El oso que defeca números primos
Debes dar click en la imagen para poder verlo.
Qué razón tienen aquellos que dicen que en Internet se puede encontrar cualquier cosa.
Vía
Microsiervos
17/08/2006
Foro Militar de Israel

*** Dirección enviada a mi Lista de Correos por Rodrigo Portela Sánchez, cuyo texto de acompañamiento me permito reproducir aquí:
(digo «hola»).
Siguiendo un enlace al final de uno de los últimos mensajes recibidos de Juan Blanco en esta lista, llegué a la página web de una lista de correo de contenido antimilitarista y, fisgando entre los últimos mensajes de la misma, me encontré un enlace a esta página:
http://israelmilitary.net/showthread.php?t=13
Es una colección de fotos de mujeres, unas cuantas jóvenes y «de buen ver», enroladas en el ejército de Israel, fotos enviadas a un foro del propio ejército. He estado viendo varias páginas de ese hilo de mensajes en el foro, por curiosidad (y por orientación sexual, qué pasa), y se me han ocurrido varios comentarios. Dejando a un lado los que no tienen mayor interés o profundidad (similares aparecen expresados y concebidos de una forma entiendo que más irrespetuosa o «cavernícola» en respuestas a ese foro del tipo «¿dónde se apunta uno para entrar al ejército de Israel?», «en EE. UU. —o Dinamarca— no tenemos chicas tan guapas en el ejército, me entran ganas de servir a Israel», o «ahora entiendo que los israelíes estén dispuestos a ir a la guerra»), se me ocurren otras reflexiones más profundas sobre por qué están esas chicas (y todos los demás miembros del ejército, o de los ejércitos) donde están y, en este caso, en esa franja de edad en la que es evidente que están unas cuantas (creo haber visto en alguna de las respuestas del foro, y que alguien me comentó una vez algo así como despedida, que las mujeres en Israel comienzan un servicio militar obligatorio de dos años a los dieciocho, tendría que comprobarlo), en esa franja de edad en la que, en vez de descubrir la vida, descubren la muerte a diario en esa zona del mundo en la que les ha tocado nacer y lavarse el cerebro, con la guerra como rutina, con las armas como herramientas de su quehacer cotidiano, con el nacionalismo y el odio como alimentos. Parecen felices en ese mundo, y eso es quizá lo que más pena me da de todo: ver caras sonrientes de chicas de dieciocho años armadas y con indumentaria militar impuesta asumida como normal.

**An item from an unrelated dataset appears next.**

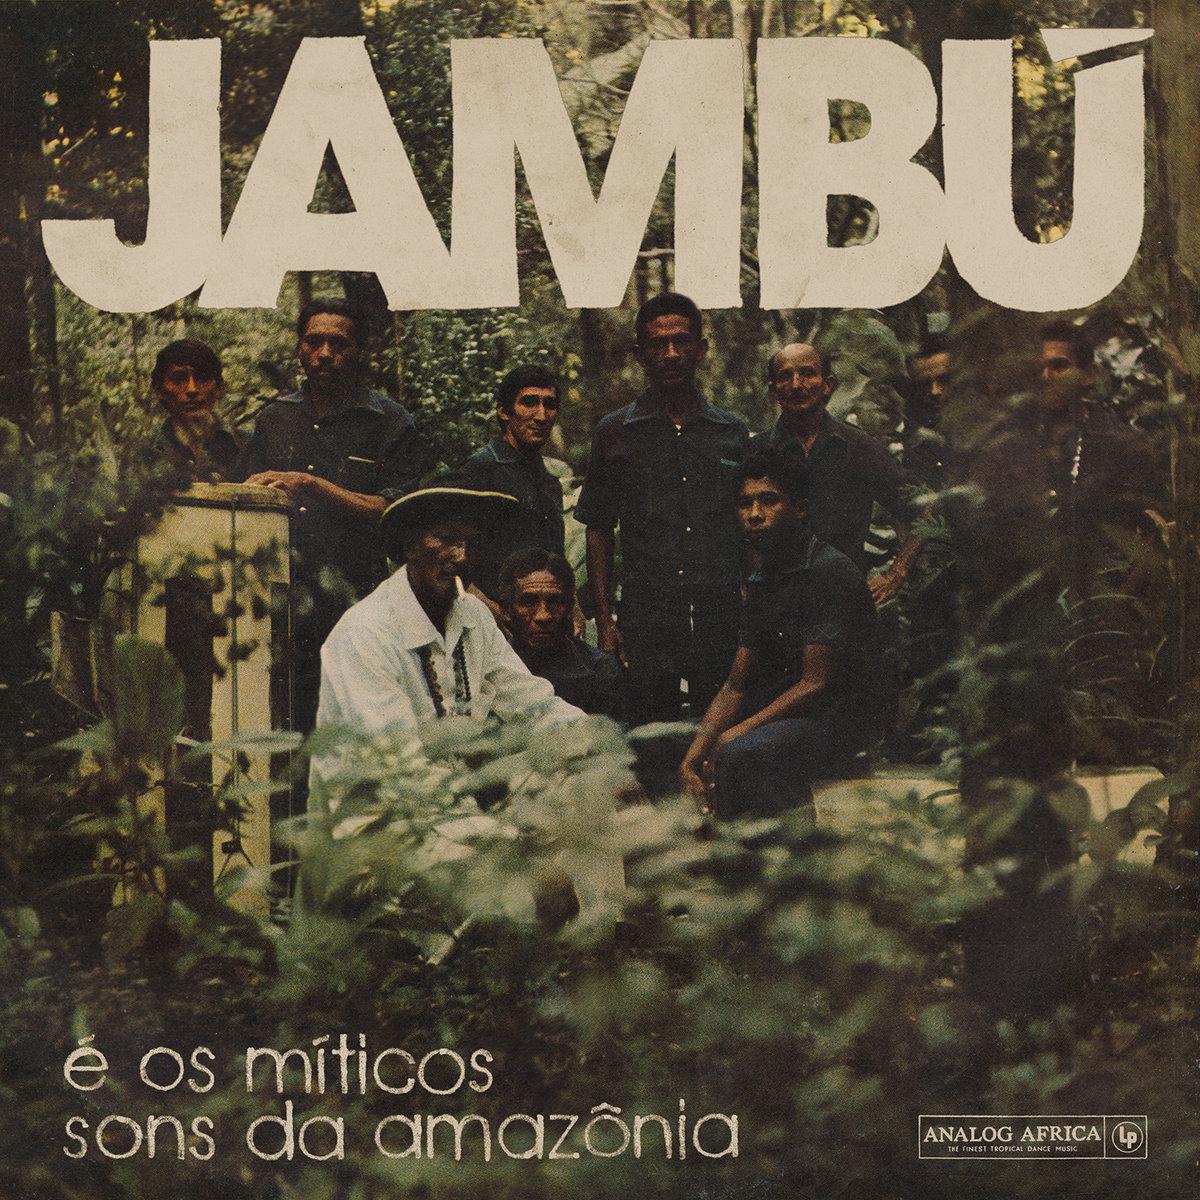 Jambú e Os Míticos Sons Da Amazônia  Release Date: June 21, 2019 Label: Analog Africa  SERVICE: Mastering, Restoration NUMBER OF DISCS: 1, 2 GENRE: Brazilian FORMAT: CD, LP

Si a alguna foto (como esta) le quitamos las armas y el letrerito de abajo, bien podríamos situar la escena en otro contexto bien distinto, y que no me movería a escribir un mensaje como este. Pero las armas están en una perversa sintonía contextual. Y si de alguna otra foto (como esta otra) no tuviera ninguna información contextual, no la vería más que como la captación de una escena entrañable por una parte y, por otra, como un reflejo de la tradicional perspectiva de protección masculina de la mujer, de una mujer que, no sabiendo que es del ejército, no creo que inspirase ningún temor especial, que quizás inspirase sentimientos más bien opuestos.

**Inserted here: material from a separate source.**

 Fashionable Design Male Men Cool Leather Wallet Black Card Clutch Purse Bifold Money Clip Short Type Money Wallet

Se habla a veces de los niños que combaten en guerras, pero no de los jóvenes (y mayores) a los que se les presenta la muerte ajena como forma de vida en medio de una absurda cadena de violencia de difícil ruptura con una pretendida justificación política, ideológica, comunitaria, nacional. Se habla a veces (tampoco tanto...) de aquellos a quienes se les arrebata la infancia, pero no veo que se hable de aquellos a quienes se les arrebata la transición de la adolescencia a la edad adulta, con todo lo que ese período implica de replanteamientos vitales que, en un contexto erróneo como este, prefiero no pensar a qué conclusiones llevarán.
Pero importa lo que importa, y hay que ver cuánto tienen que aprender de motivación e incentivos quienes hacen aquí a veces anuncios para convencer de lo buenas que son las pacíficas fuerzas armadas. Y hay que ver qué moderno es el ejército de Israel, cuánta mujer, cuánta paridad, cuánta juventud, cuánta modernez: cuánta estupidez, el militarismo asumido.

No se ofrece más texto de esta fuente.